Our research enhances the established knowledge by providing evidence that substantiates the utility of dynamic changes in TyG-related indices, particularly TyG-WC, as valuable markers for assessing the risk of CVD. We believe that monitoring long-term TyG-related indices has clinical implications for identifying individuals at high risk of CVD. First, obesity is a recognized risk factor for IR and metabolic disorders. Integrating obesity-related indicators, including WC, BMI, and WHtR, into TyG provides a more comprehensive and robust assessment of IR [31, 48]. Second, our study is based on the CHARLS survey, which regularly conducts regular standardized follow-up on health-related information, offering a reliable data source for analysing dynamic changes in TyG-related indices. Last, height, weight, WC, FBG, and TG are routinely collected and easily available in primary healthcare settings, enhancing the generalizability and practicality of TyG-related indices in clinical implementation.

Nevertheless, we acknowledge certain limitations associated with this study.
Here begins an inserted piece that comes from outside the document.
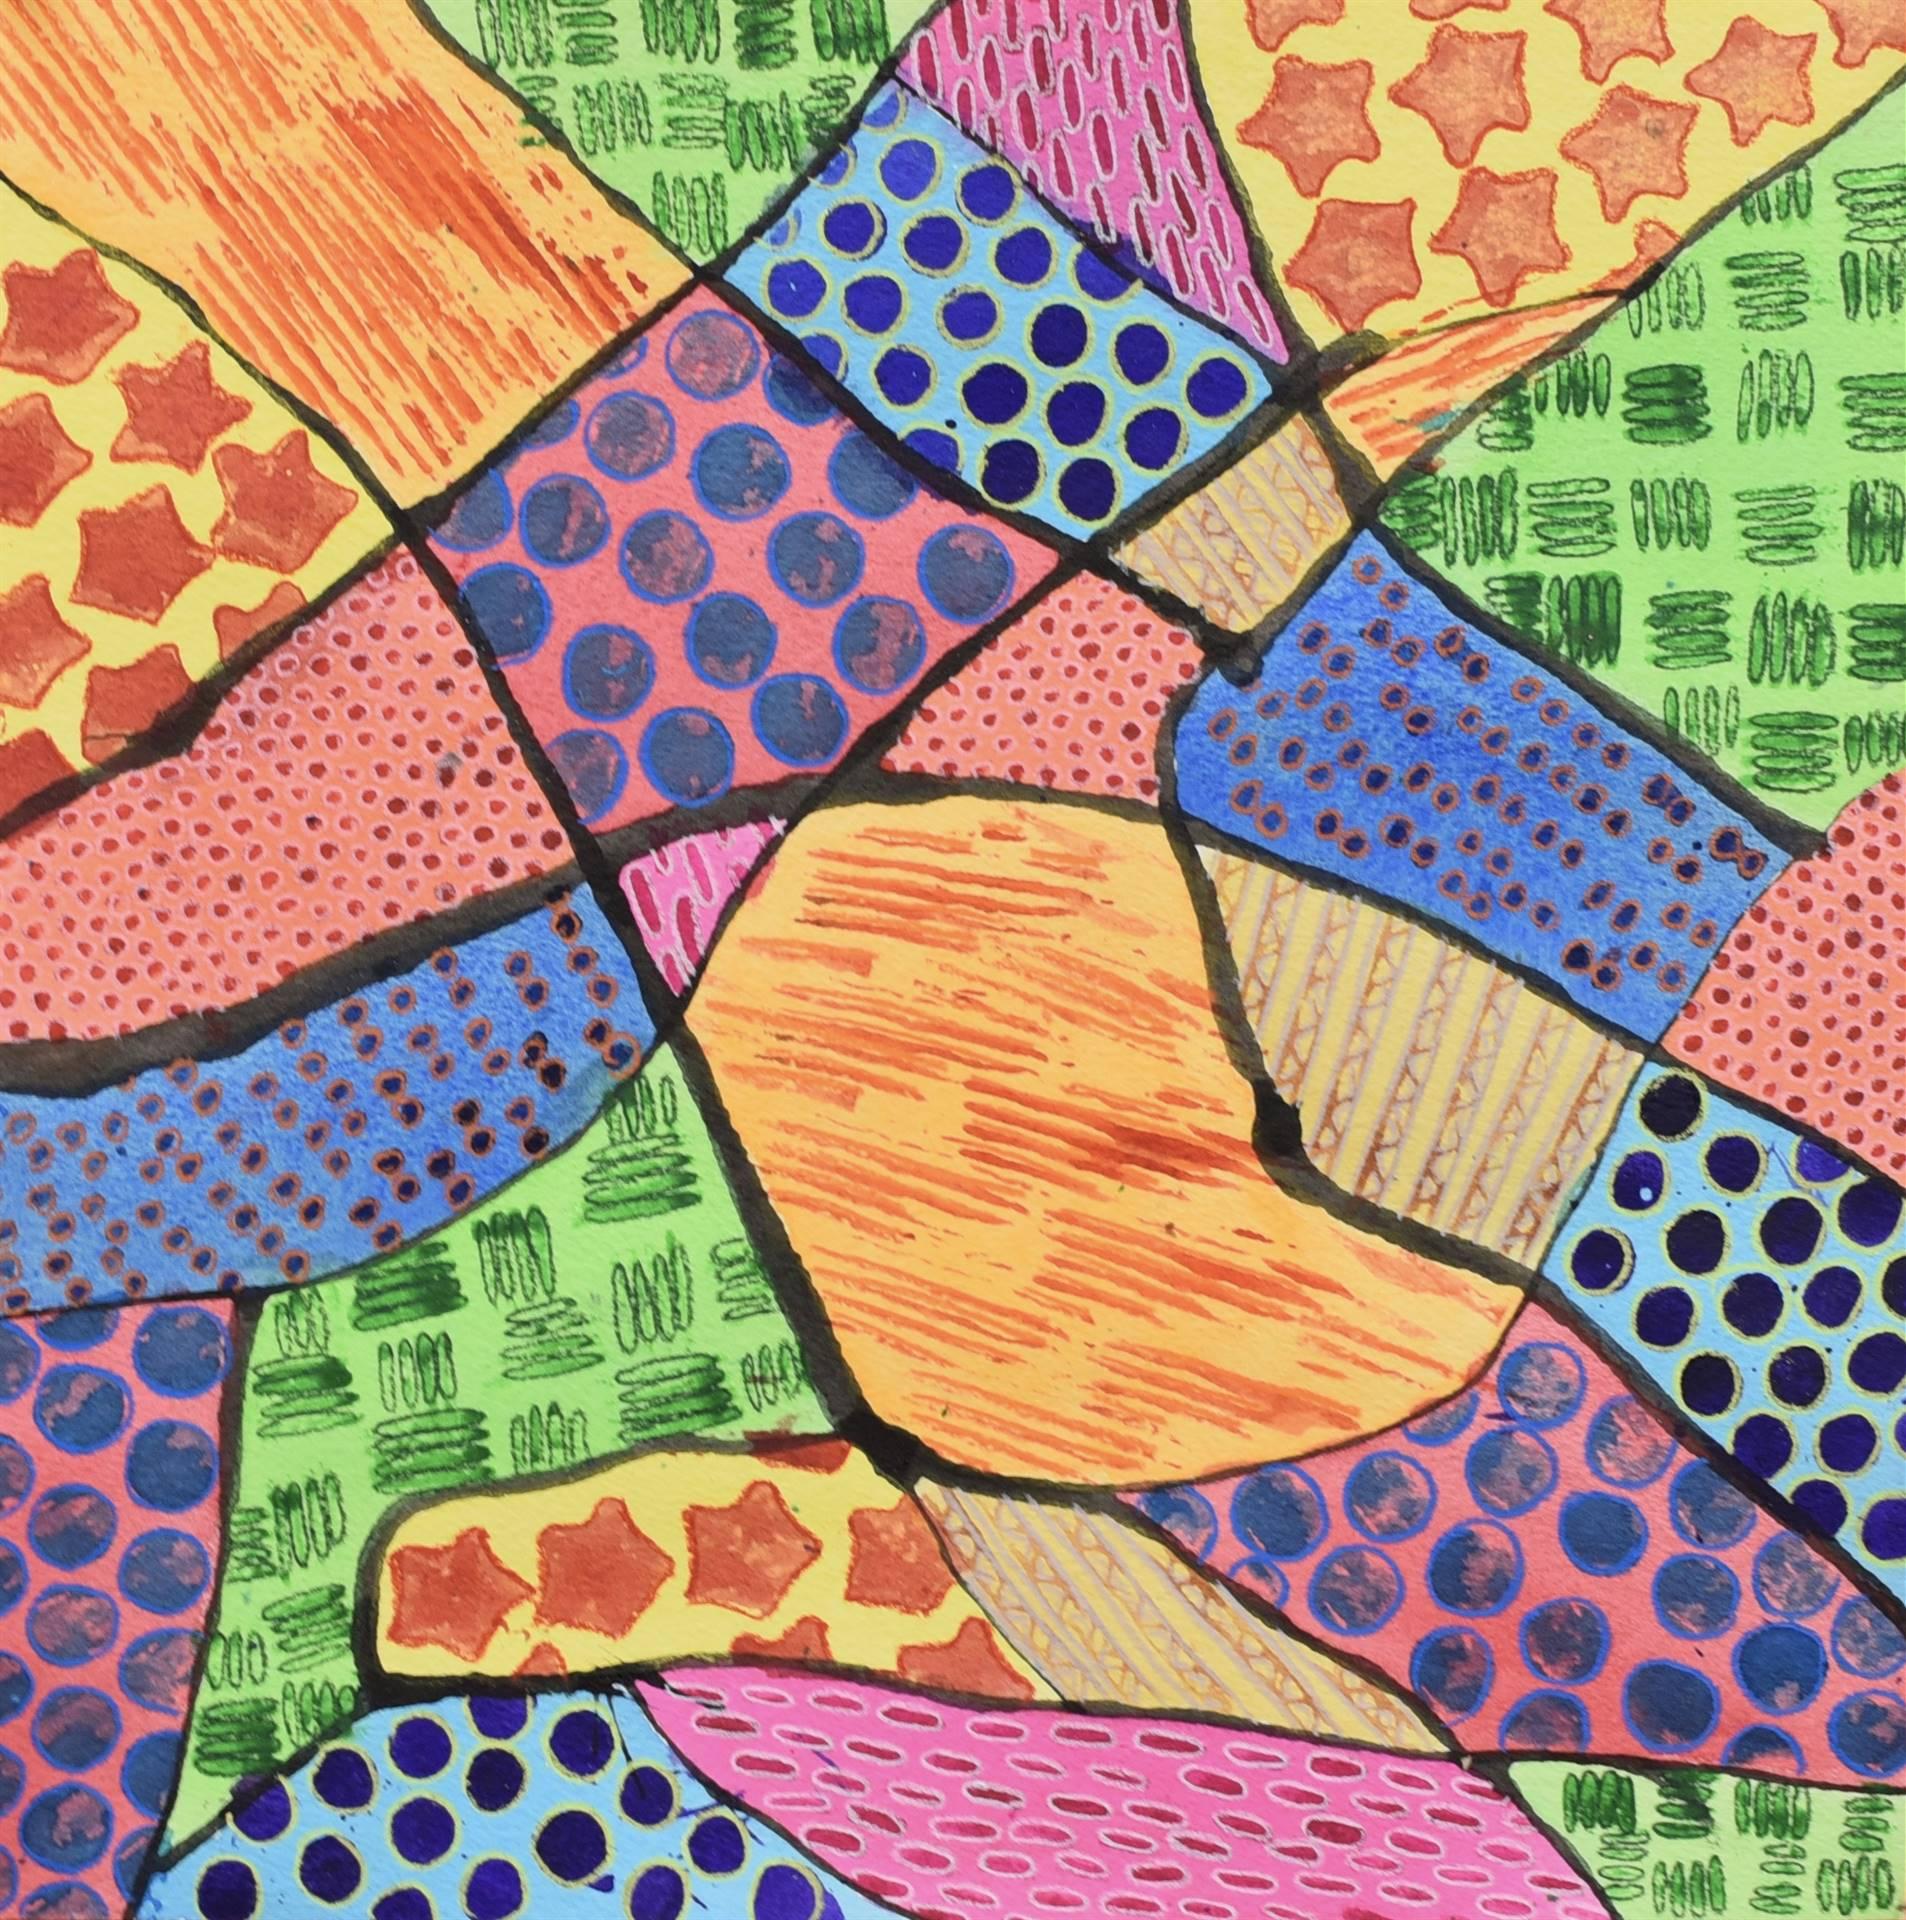 Brecksville-Broadview Hts. Middle School Art Projects 47

First, current research cannot directly compare TyG-related indices with the gold standard for IR, which may partially limit the evidence that TyG-related indices, as surrogate markers of IR, increase the risk of CVD events. Second, blood samples in the CHARLS study were only collected only at Wave 1 and Wave 3, limiting our ability to detect more specific dynamic trends in TyG-related indices. Third, since CVD events in the CHARLS were based on questionnaires rather than medical records such as angiography, there may be slight differences in actual CVD incidence. Fourth, in the CHARLS, only one FBG measurement was taken at baseline, and a single measurement of FBG ≥ 126 mg/dL may not be sufficient for diagnosing DM. Fifth, although we adjusted for potential confounders progressively, residual confounder bias cannot be completely ruled out. Last, the individuals in our study were recruited from China and were predominantly middle-aged and older adults; therefore, additional research is necessary to extrapolate these findings to other age groups and countries.

Conclusion

Our study, based on the CHARLS dataset, indicated that the dynamic changes in TyG-related indices are independently associated with the risk of CVD, with changes in TyG-WC showing the strongest association with CVD incidence. The dynamic changes in TyG-related indices, particularly in TyG-WC, could serve as valuable indicators for CVD risk assessment, thereby providing more information for personalized prevention or intervention strategies for CVD.